Peut-être. Au cours du week-end, le Sénat a adopté un projet de loi de finances qui rend permanente la loi sur les réductions d'impôts et les emplois (Tax Cuts and Jobs Act) et prévoit des réductions d'impôts supplémentaires pour un montant de 1 500 milliards de dollars sur 10 ans. Contrairement à un projet de loi similaire adopté par la Chambre des représentants au début de l'année, qui prévoyait une réduction des dépenses publiques de 1 500 milliards de dollars, la version du Sénat ne prévoit pas de coupes sombres dans Medicaid et d'autres programmes. Il est possible que les réductions d'impôts supplémentaires soient concentrées en début de période, mais le coût annuel moyen d'environ 150 milliards de dollars prévu par le projet de loi du Sénat ne compenserait qu'une partie des 500 à 600 milliards de dollars supplémentaires estimés par an pour les droits de douane. En d'autres termes, si la version sénatoriale du projet de loi est adoptée, les réductions d'impôts plus agressives pourraient compenser une partie de la « hausse des impôts » liée aux droits de douane, mais probablement pas la totalité. L'effet net des réductions de l'impôt sur le revenu, des subventions et des droits de douane équivaut à une taxe à la consommation ou à la valeur ajoutée appliquée de manière très inefficace.

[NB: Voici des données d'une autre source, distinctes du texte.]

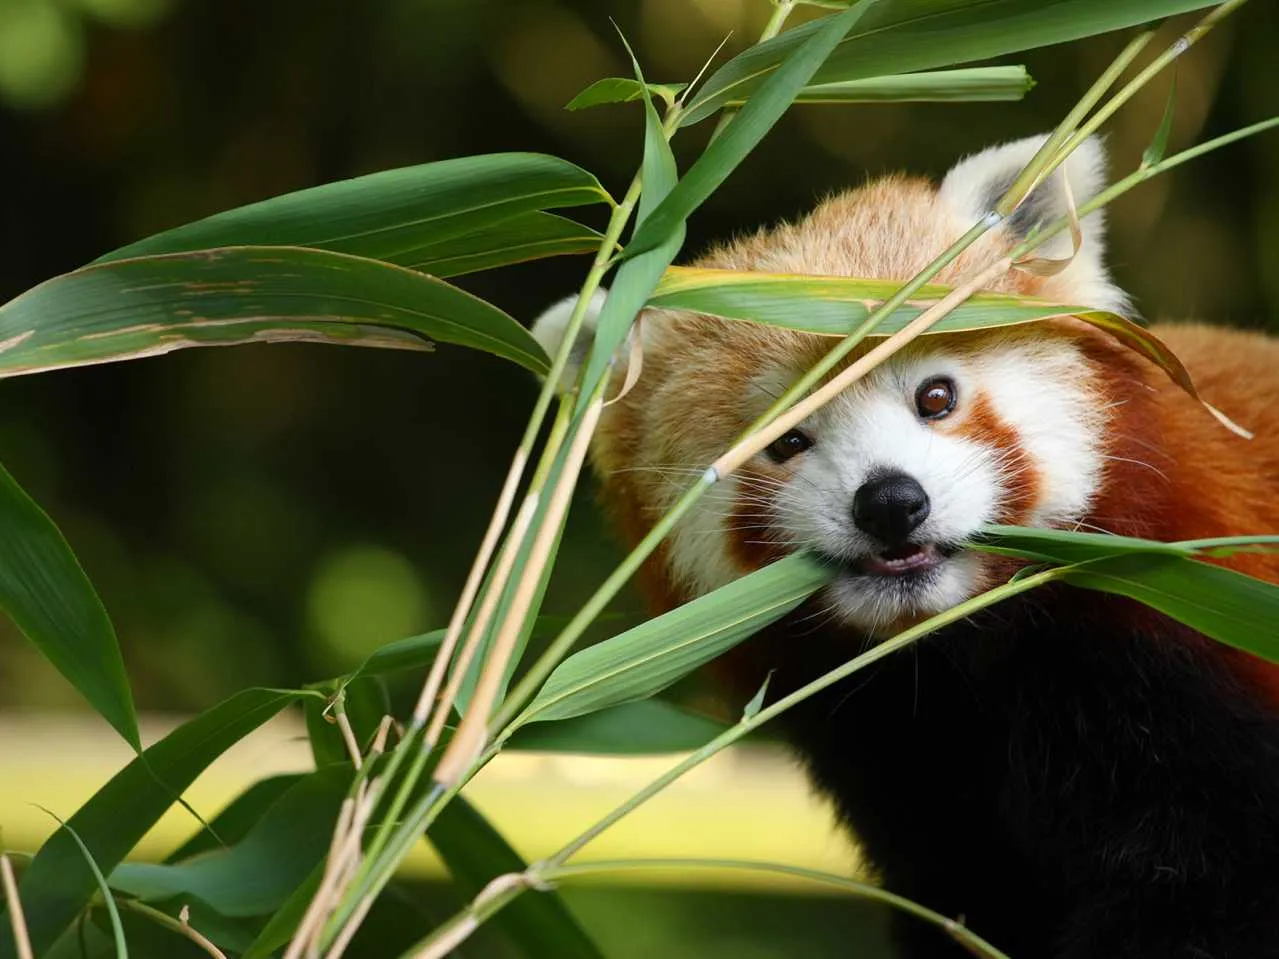 Red Panda eating Bamboo leaves

Dans l'ensemble, nous pensons que l'impulsion budgétaire américaine sera probablement négative à court terme, mais les déficits à long terme restent généralement préoccupants. Comme les droits de douane peuvent être réduits unilatéralement par un président à tout moment, le risque de cette combinaison est biaisé vers des déficits plus élevés au fil du temps.

Principaux enseignements pour les investisseurs

Comme nous l'expliquons dans nos Perspectives cycliques, les titres obligataires peuvent être une source de stabilité dans un contexte de volatilité des marchés. L'incertitude croissante risque de remettre en cause la surperformance des actions américaines de ces dernières années. Malgré la récente volatilité et la réévaluation des prix sur les marchés du Trésor américain et autres marchés obligataires, il existe toujours de solides arguments en faveur d'une diversification des actions américaines, dont les prix sont élevés, vers un éventail plus large d'obligations mondiales de haute qualité qui offrent des rendements de départ attrayants et un profil ajusté au risque plus favorable.